> [WHAT THE EXERCISE ASKS] Repeat exactly the lines below that lie between the line with "Этнические чистки или" and the line with "Paquetes de dos", counting both of those lines as part of the answer.

> [LISTED ENTRIES]
####################

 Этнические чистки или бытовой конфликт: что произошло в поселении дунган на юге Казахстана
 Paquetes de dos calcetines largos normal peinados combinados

####################

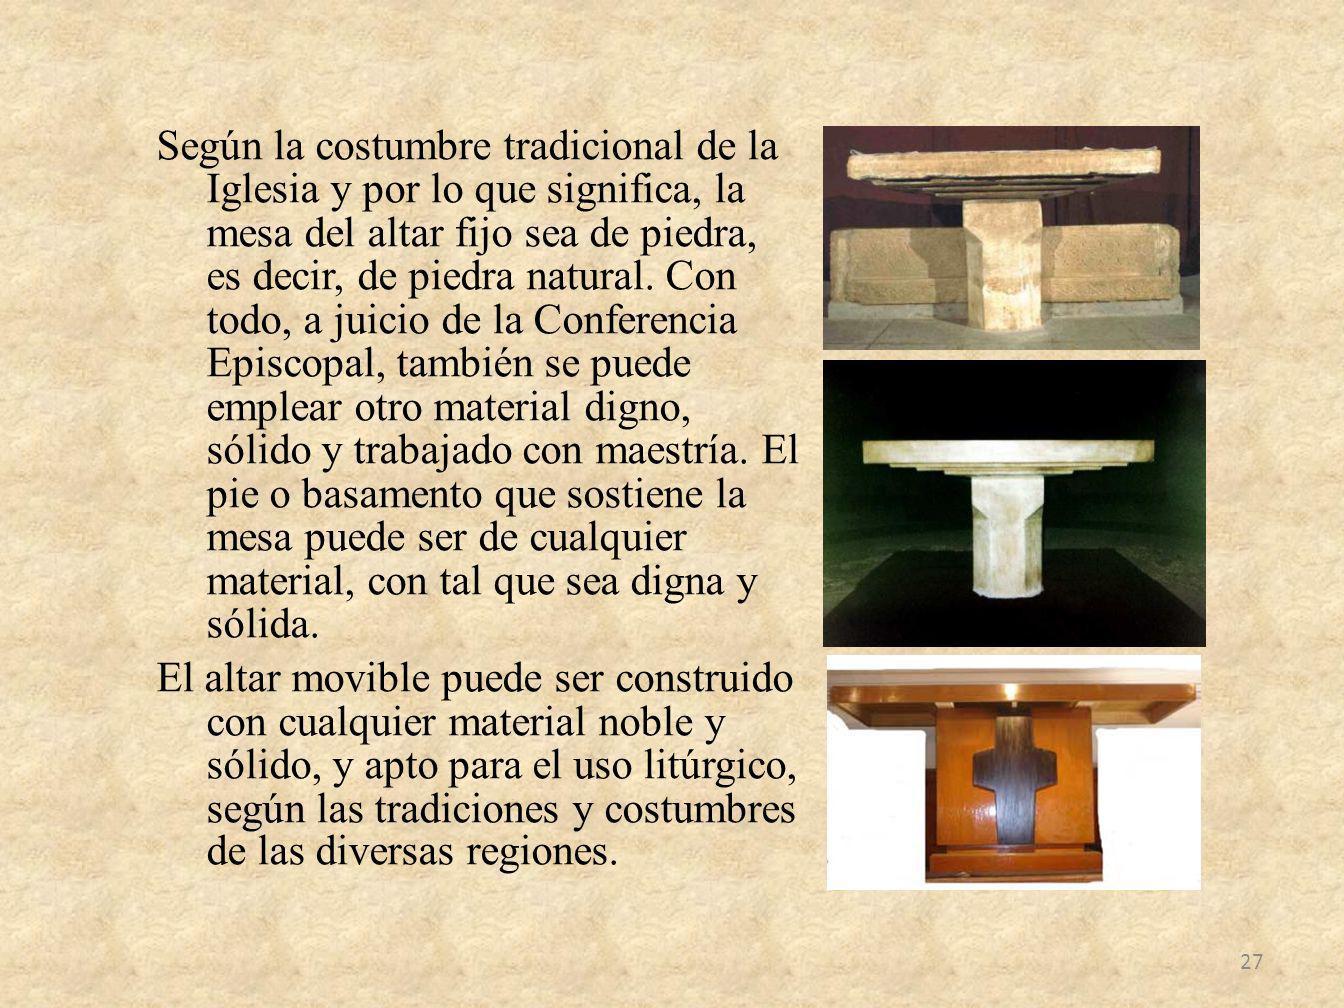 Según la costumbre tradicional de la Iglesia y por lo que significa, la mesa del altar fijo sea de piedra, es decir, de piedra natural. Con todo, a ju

####################

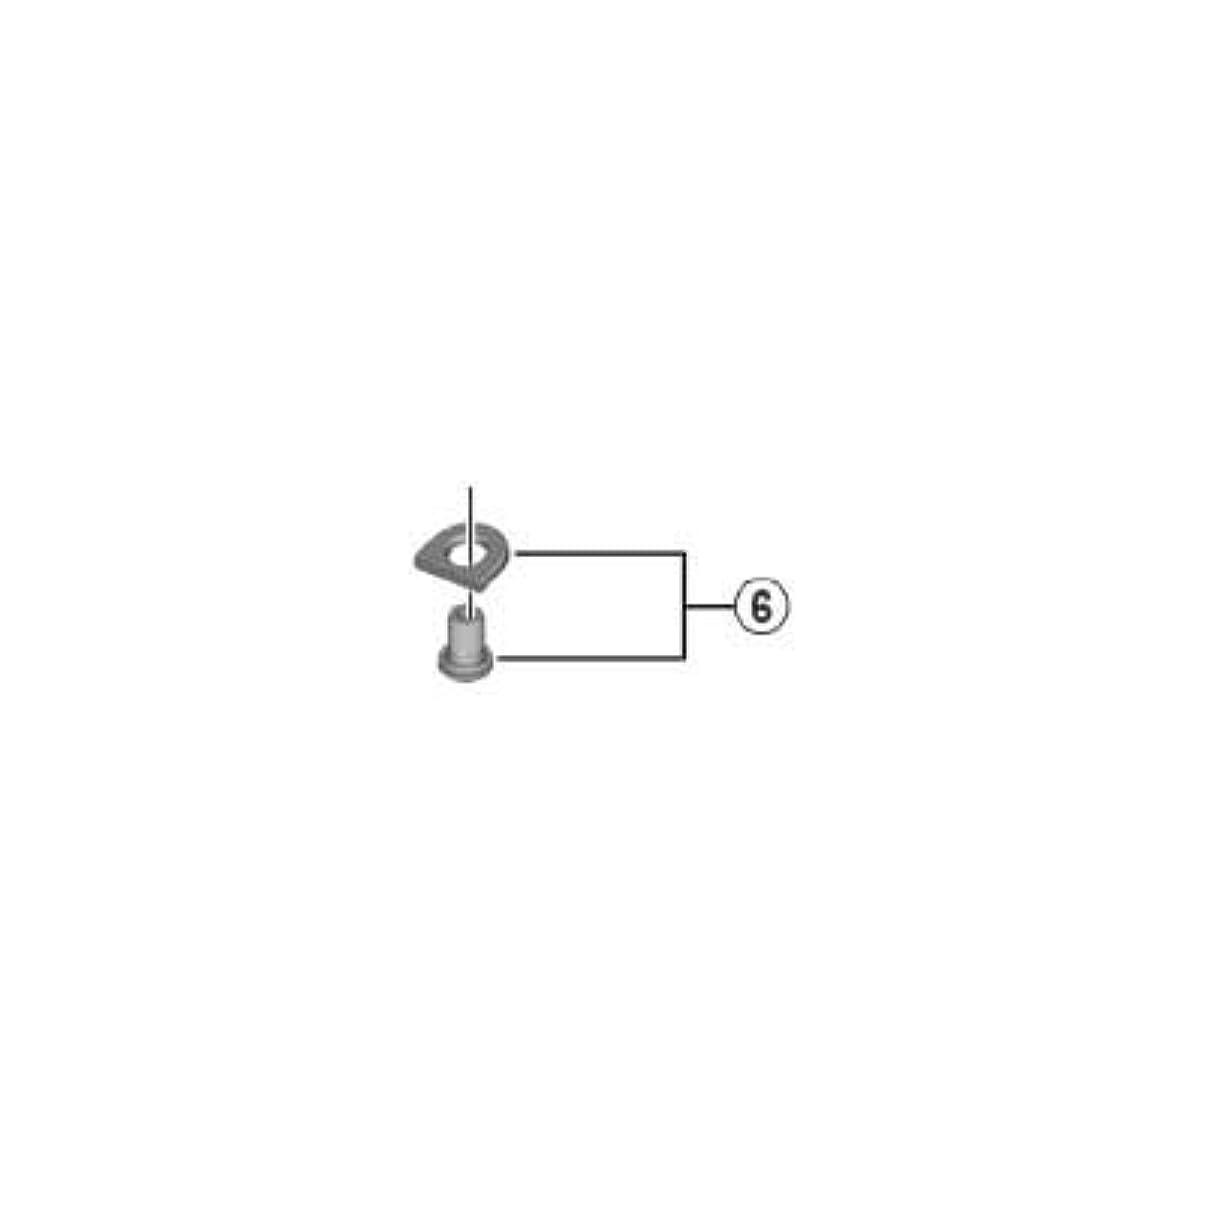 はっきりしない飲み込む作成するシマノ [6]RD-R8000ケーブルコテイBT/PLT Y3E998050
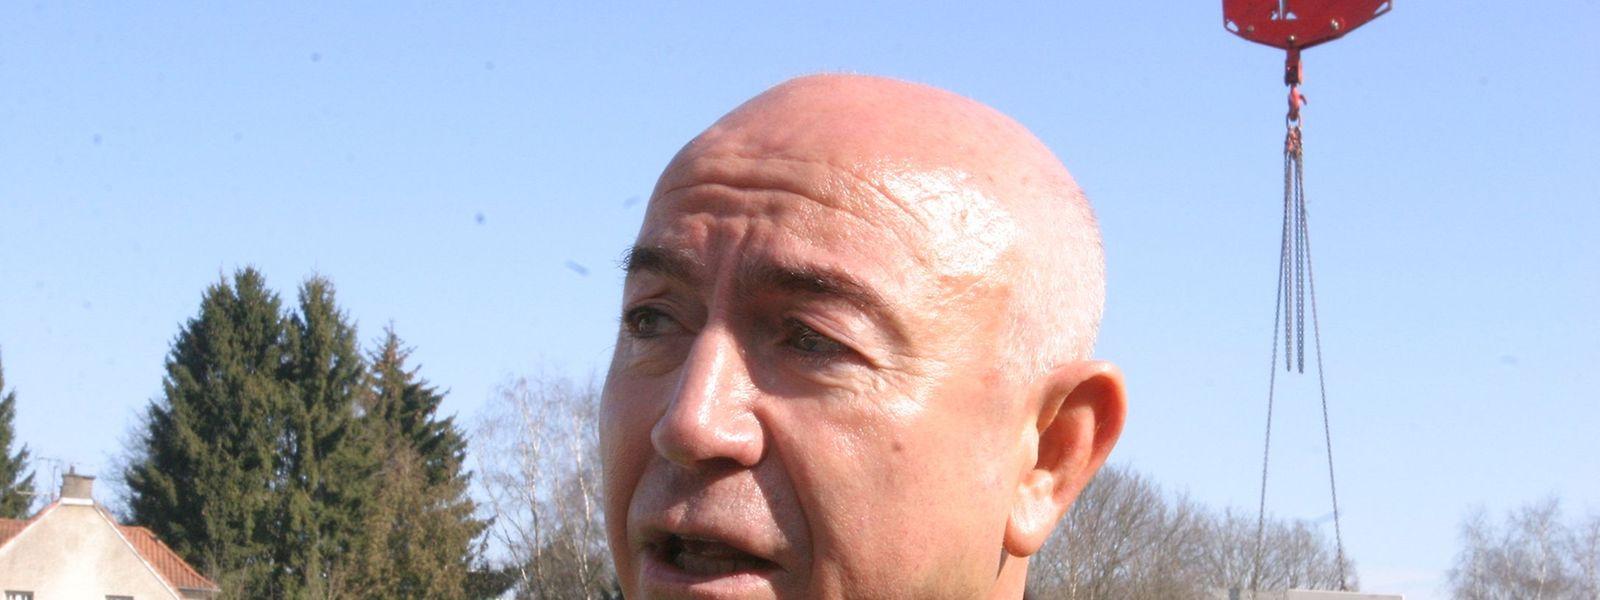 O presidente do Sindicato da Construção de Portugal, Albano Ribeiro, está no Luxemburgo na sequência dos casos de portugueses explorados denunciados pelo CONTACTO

####################

> [SOLUTION]
 Этнические чистки или бытовой конфликт: что произошло в поселении дунган на юге Казахстана
 Paquetes de dos calcetines largos normal peinados combinados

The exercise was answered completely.